Vipin is a seasoned systems specialist with expertise in Workday integrations, enterprise applications, and BI/analytics solutions. He supports life-science organizations in implementing and integrating platforms used for medical and clinical-trial data management, helping ensure secure data flows, compliance, and streamlined operations. His cross-domain experience enables biotech teams to deploy scalable digital infrastructure that accelerates R&D and clinical execution.

Dr. Zafar Mahmood holds a PhD in Immunology with a focus on B cells and has clinical experience across multiple therapeutic areas. As a Global Clinical & Biomarker Lead, he applies his immunology background and expertise in precision medicine to develop and execute clinical & biomarker strategies for global-phase clinical trials (I-IV) in immunology, immuno-oncology, and rheumatology (primarily arthritis). He has years of experience leading cross-functional teams, vetting technologies, and generating impactful, innovative data for the global phase.

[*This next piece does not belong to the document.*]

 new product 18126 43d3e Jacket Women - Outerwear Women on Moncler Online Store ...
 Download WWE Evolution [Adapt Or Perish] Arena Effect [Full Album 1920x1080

Dr. Arti Pal is a bioscientist specializing in extracellular vesicles (EVs), bioprocess technologies, and plant-based biology. As an entrepreneur, she plays a key role in developing EV products and processes, facilitating the application of emerging scientific findings across clinical and non-clinical (cosmetic) settings. At PCG, Arti advises clients on EV platform strategies, bioprocess scaling, and commercialization planning.

Dr. Anjali Singh is a scientist with expertise in Cell and Gene Therapy (CGT) manufacturing and process scale-up. Her work spans supporting process and analytical control strategies, as well as comparability strategies for regulatory filings, advancing products from lead optimization through scale-up and clinical readiness. At PCG, Anjali advises clients on CMC strategy, technical due diligence, and development pathways to support efficient, streamlined commercialization.